WASHINGTON (AP) — The Environmental Protection Agency on Friday proposed to eliminate a program that requires large-scale industrial polluters to report greenhouse gas emissions to the government to warm the planet.
The program requires refineries, power plants, oil wells and landfills to report emissions Without the risk of penalty, officials are trying to identify highly polluted facilities and develop policies to reduce carbon dioxide and other greenhouse gas emissions. Experts say the report makes businesses publicly responsible for emissions.
Since the program was launched in 2009, US industry has collectively reported a 20% decline in carbon emissions, driven primarily by the closure of coal-fired power plants.
EPA administrator Lee Zeldin called the greenhouse gas reporting program a “burden” and did not help improve human health and the environment.
Zeldin said that removing the rules would save American companies over a decade, while saving up to $2.4 billion in regulatory costs over a decade. If confirmed, this proposal removes reporting obligations for most large industrial facilities in the United States, as well as fuel and industrial gas suppliers, carbon dioxide injection sites.
“The greenhouse gas reporting programme is nothing more than a bureaucratic deficit that does nothing to improve air quality,” Zeldin said in a statement.
“It drives American businesses and billions of dollars of manufacturing, living expenses, risking the prosperity of our country and hurting the American community,” he said.
But experts say they’ll drop the requirements – as Zeldin promised when he unleashed what he called in March The biggest day of deregulation In US history, large increases in emissions take risks as businesses are not publicly responsible for what they emit into the air. And they say that while losing data, the EPA is reducing air quality monitoring elsewhere – it will do that It’s difficult to fight climate change.

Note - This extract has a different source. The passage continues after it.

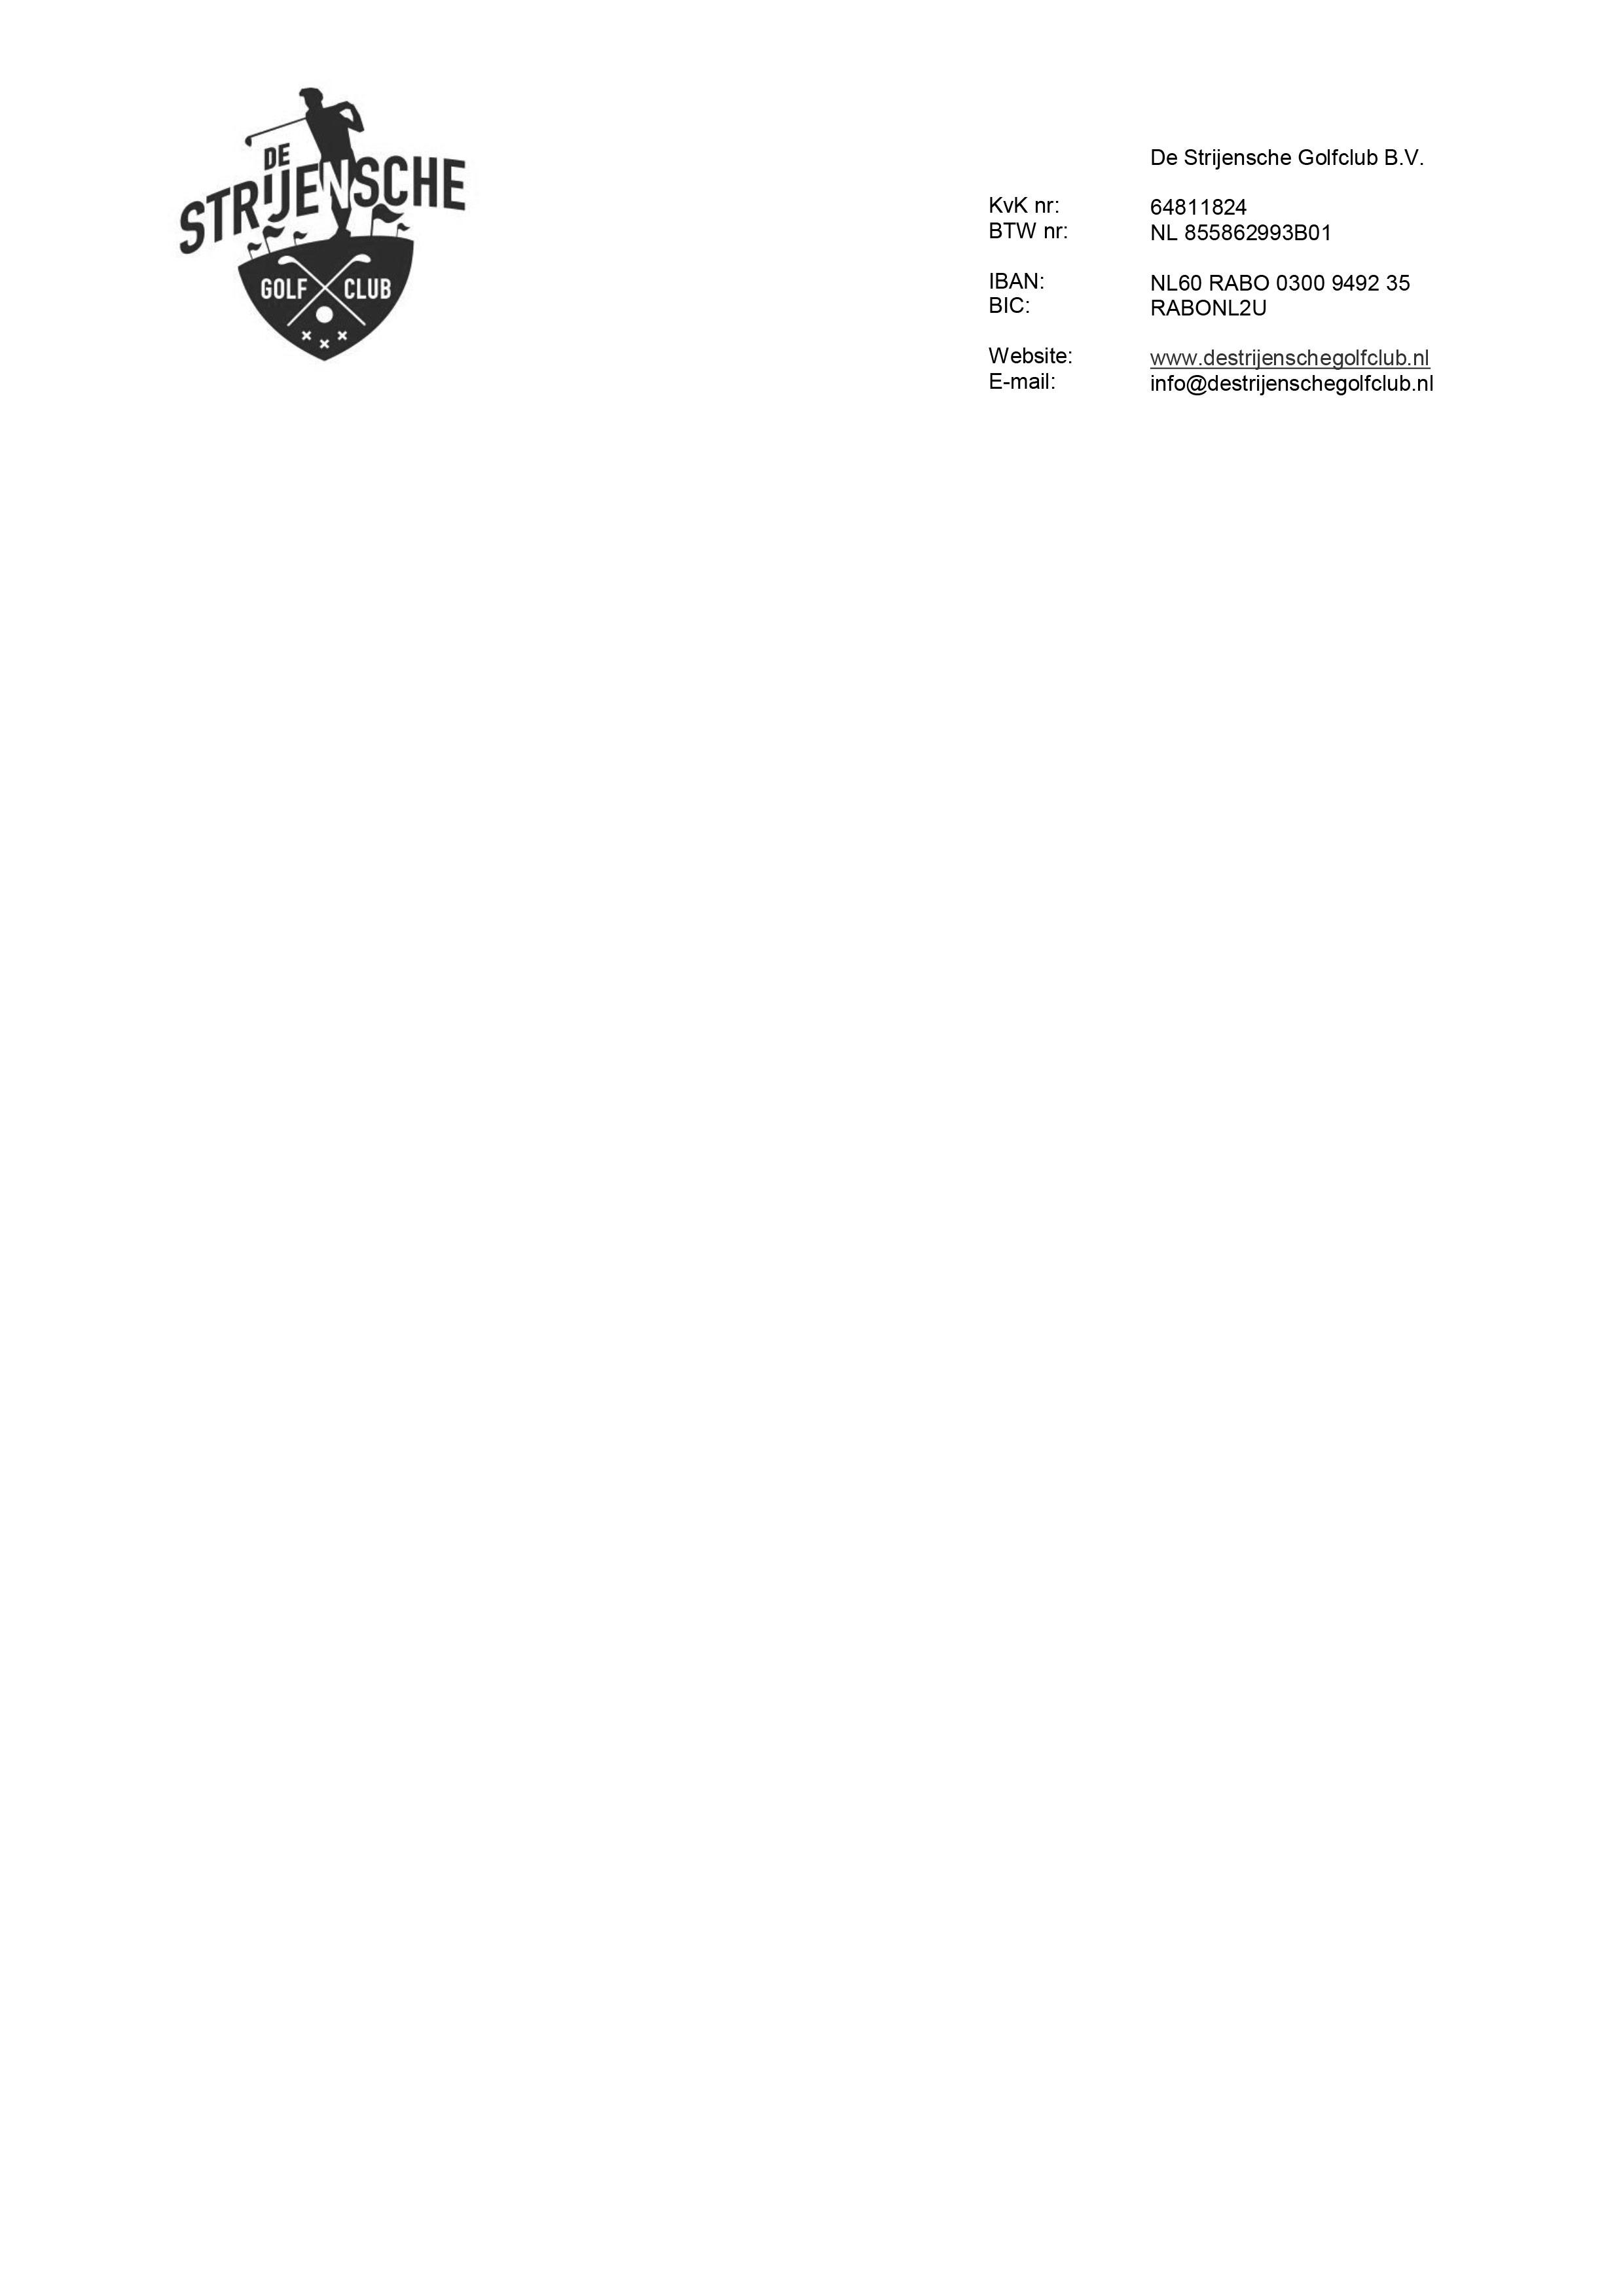 format factuur dsg Format Factuur Blanco | De Strijensche Golfclub

Joseph Goffman, who headed the EPA’s Air and Radiation Department under President Joe Biden, said he would eliminate the greenhouse gas reporting program.
By hiding pollution information from the public, “Manager Zeldin denis Americans the ability to see the harmful consequences of his actions regarding climate pollution, air quality and public health,” Goffman said. The Trump administration places polluters in front of people’s health. ”
“If you don’t know who the polluters are, they can’t do anything to hold them accountable,” said David Doniger, a senior strategist at the Natural Resources Defense Council, an environmental group.
While large-scale polluters may want to keep climate pollution a secret, he added that public, state and local policymakers “relied on this data” for more than 15 years. Even before the EPA set stricter standards, Doniger said many have led many to reduce climate pollution.
However, Zeldin said that reducing the overall regulatory burden on the US industry allows businesses to “focus compliance spending on actual, concrete environmental benefits.”
The Greenhouse Gas Reporting Program covers 47 source categories, with more than 8,000 U.S. facilities and suppliers need to calculate greenhouse gas emissions each year, Zeldin said.
“Following a careful review, the EPA proposed that there is no requirement for collecting GHG emissions information from businesses (The Clean Air Act) and will not continue to collect ongoing, costly data that will help meet the agency’s legal duties,” he said.
The EPA will accept public comments on the proposal more than six weeks after the plans are published in the federal register, which is expected in the coming days.